Zero-shot — detecting attacks the model was never trained on, by learning only what normal looks like.
Washout — initial windows discarded while the reservoir “warms up.”

Appendix C — Anticipated CISO questions

Question	Answer
”How is this different from our EDR?”	EDR fires on known signatures/rules. This fires on behavioural deviation from this machine’s own normal — catching novel/living-off-the-land activity rules miss. It’s additive, not a replacement.
”Why should I trust a 54% recall?”	You trust the precision (90%): when it fires it’s almost always real, so it’s a high-quality analyst-priority queue. Recall improves on the roadmap; it’s a net-new signal on top of full EDR coverage.
”Did you train on the attack?”	No. The production detector (One-Class SVM) trains only on the clean baseline week. The one model that uses attack labels (logistic) is clearly flagged diagnostic-only and never presented as operational.
”What about false alarms?”	~6.8% of baseline windows fire (29/427) against a deliberate, tunable `nu=0.05` (~5%) budget. At 5-min windows that’s a manageable, prioritisable volume.
”Does it scale to my whole fleet?”	Single-host is strong; pooled-fleet zero-shot recall drops (33%) without per-host tuning, though supervised AUC (0.91) shows the signal is there. Per-host baselines are the next build.
”Can my analysts act on an alarm?”	Each alarm carries timestamp, anomaly score, dominant formation, novel-entity count, and reservoir drift — enough to triage. Full per-alarm explainability is on the roadmap.

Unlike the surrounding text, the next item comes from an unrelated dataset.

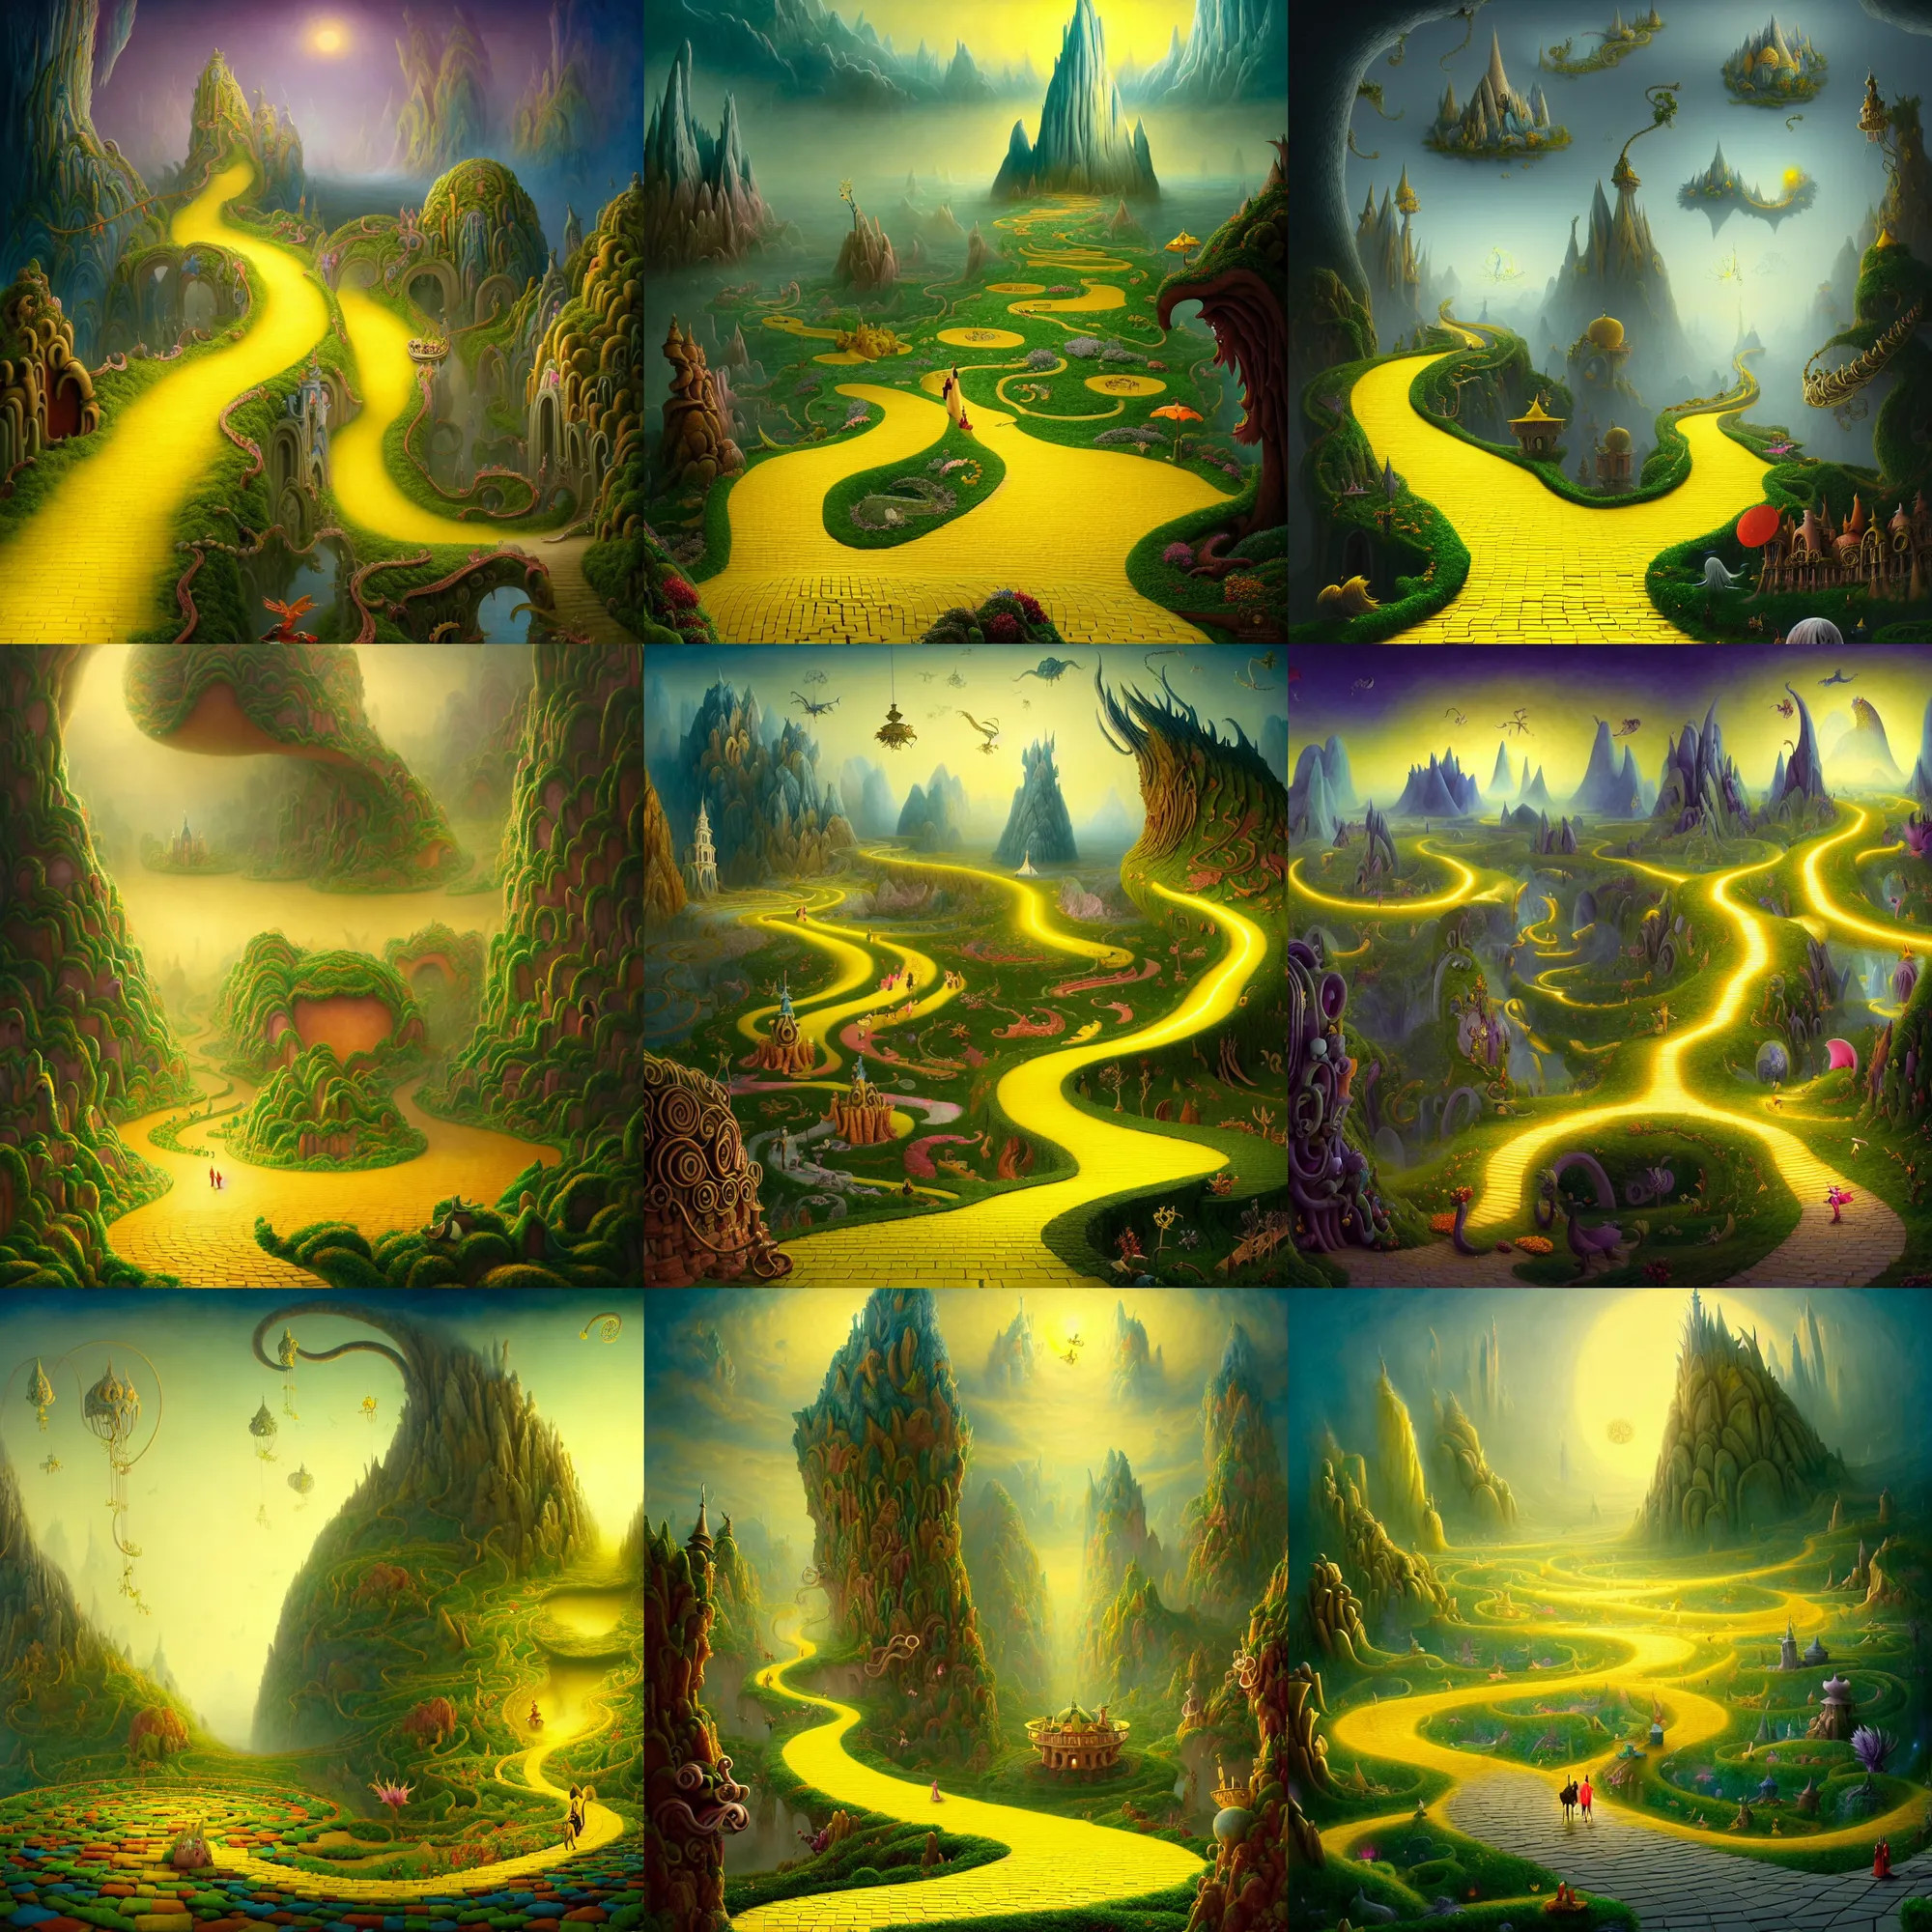 Prompt: a beguiling epic stunning beautiful and insanely detailed matte painting of the impossible winding path yellow brick road in dream worlds with surreal architecture designed by Heironymous Bosch, dream world populated with mythical whimsical creatures, mega structures inspired by Heironymous Bosch's Garden of Earthly Delights, vast surreal landscape and horizon by Asher Durand and Cyril Rolando and Filip Hodas, masterpiece!!!, grand!, imaginative!!!, whimsical!!, epic scale, intricate details, sense of awe, elite, wonder, insanely complex, masterful composition!!!, sharp focus, fantasy realism, dramatic lighting

All quantitative claims in this document are reproduced from repository artefacts: data/snn_results_nanxcv.json, data/snn_results_ciso_fleet.json, data/temporal_nanxcv.json, data/temporal_ciso_fleet.json, and the implementation in scripts/snn_train_nanxcv.py / scripts/temporal_common.py / scripts/ingest_mde_baseline.py. Phase-1 hyperedge totals and the entropy-changepoint narrative are from design/methodology_temporal_hypergraph_snn.tex.